_STORED DATA_.
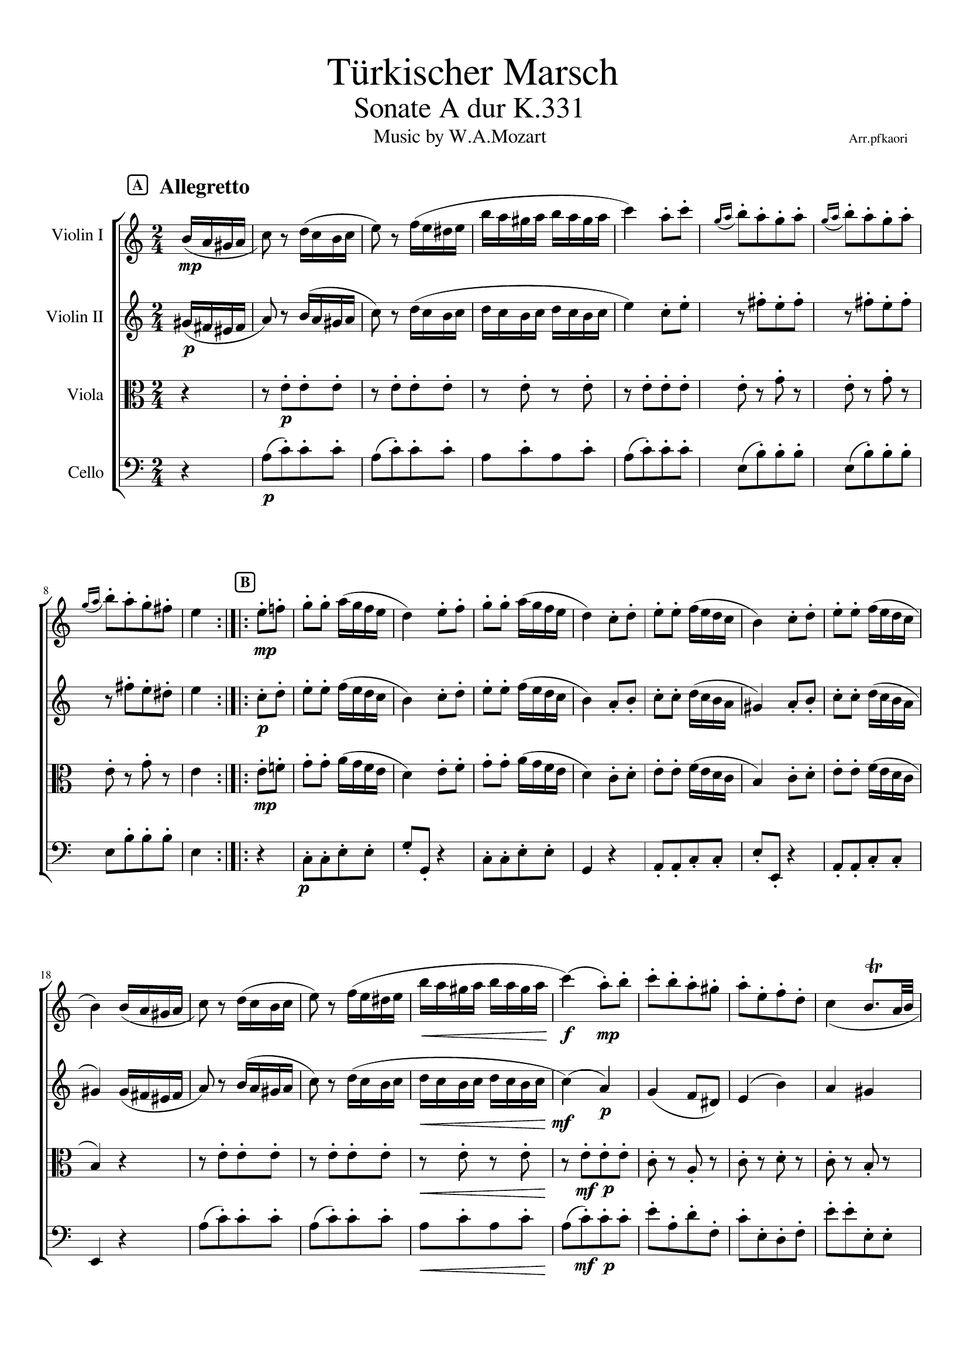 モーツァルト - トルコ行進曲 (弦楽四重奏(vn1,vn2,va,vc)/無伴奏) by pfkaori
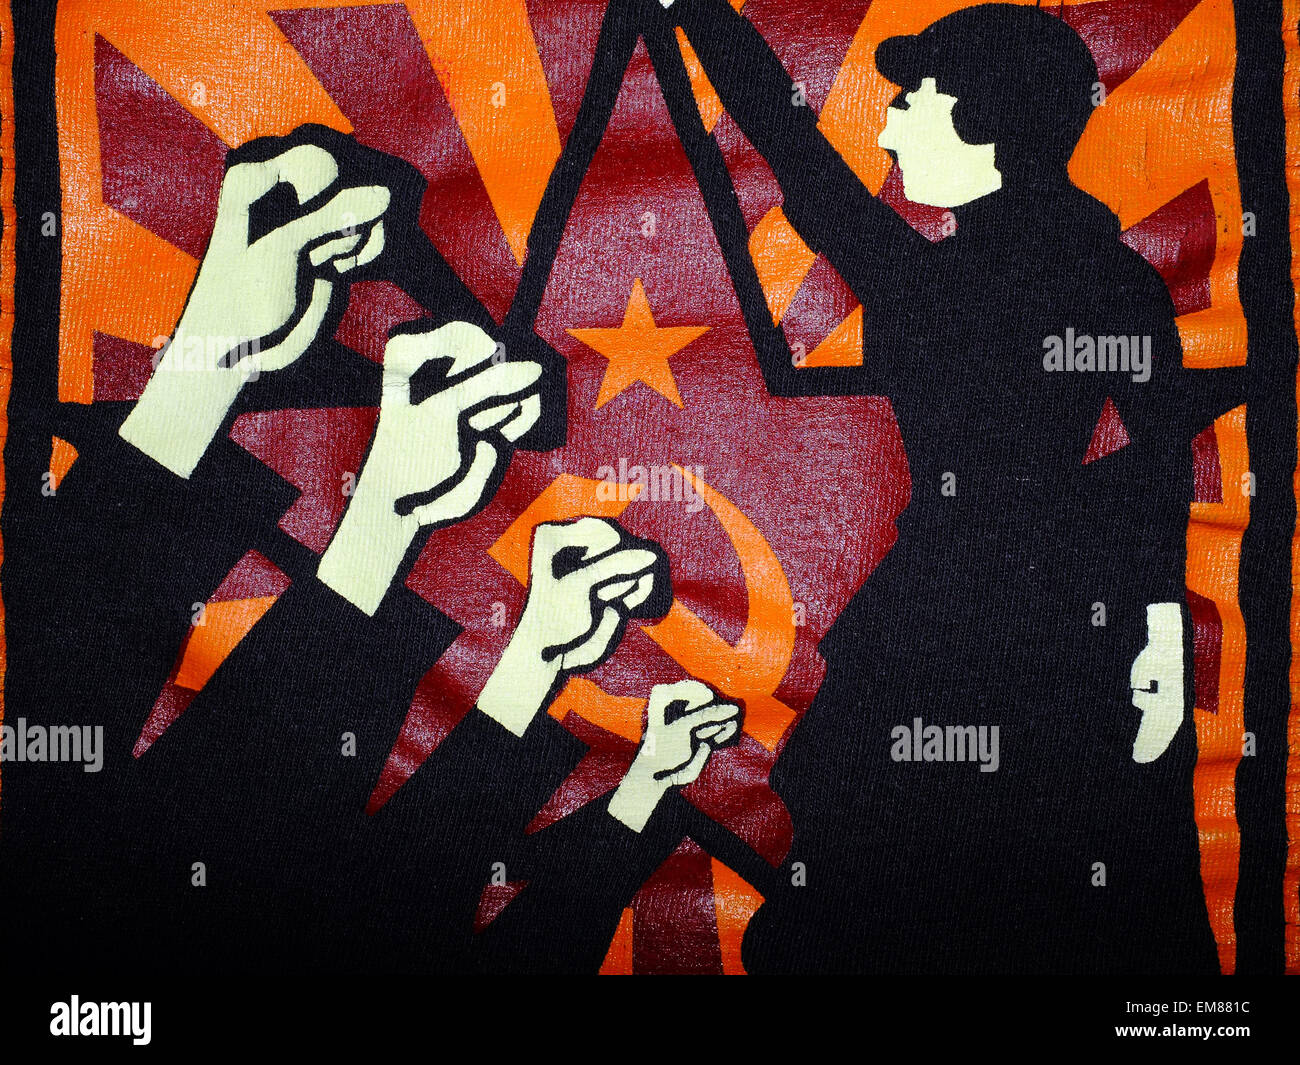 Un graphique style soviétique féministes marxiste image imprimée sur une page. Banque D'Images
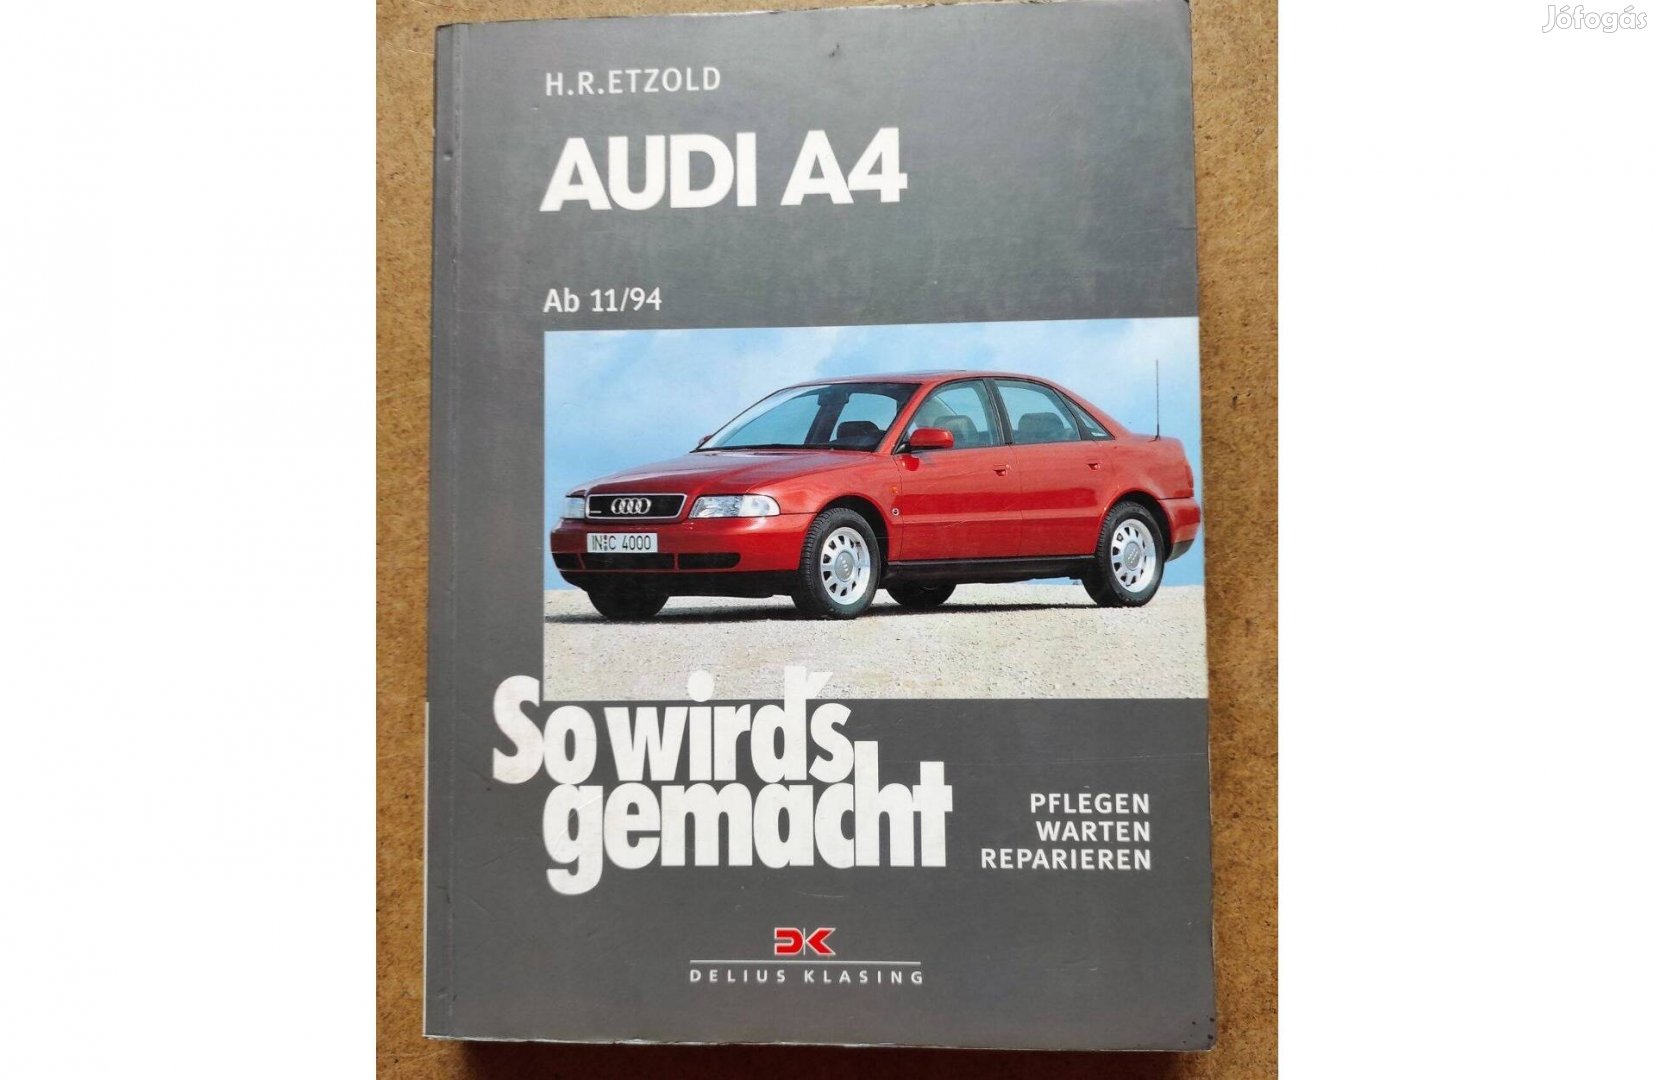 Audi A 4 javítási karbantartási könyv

_ASSIGNMENT_. Print the full listing exactly, dropping the pictures.

_RESPONSE BELOW_.
 モーツァルト - トルコ行進曲 (弦楽四重奏(vn1,vn2,va,vc)/無伴奏) by pfkaori
 Un graphique style soviétique féministes marxiste image imprimée sur une page. Banque D'Images
 Audi A 4 javítási karbantartási könyv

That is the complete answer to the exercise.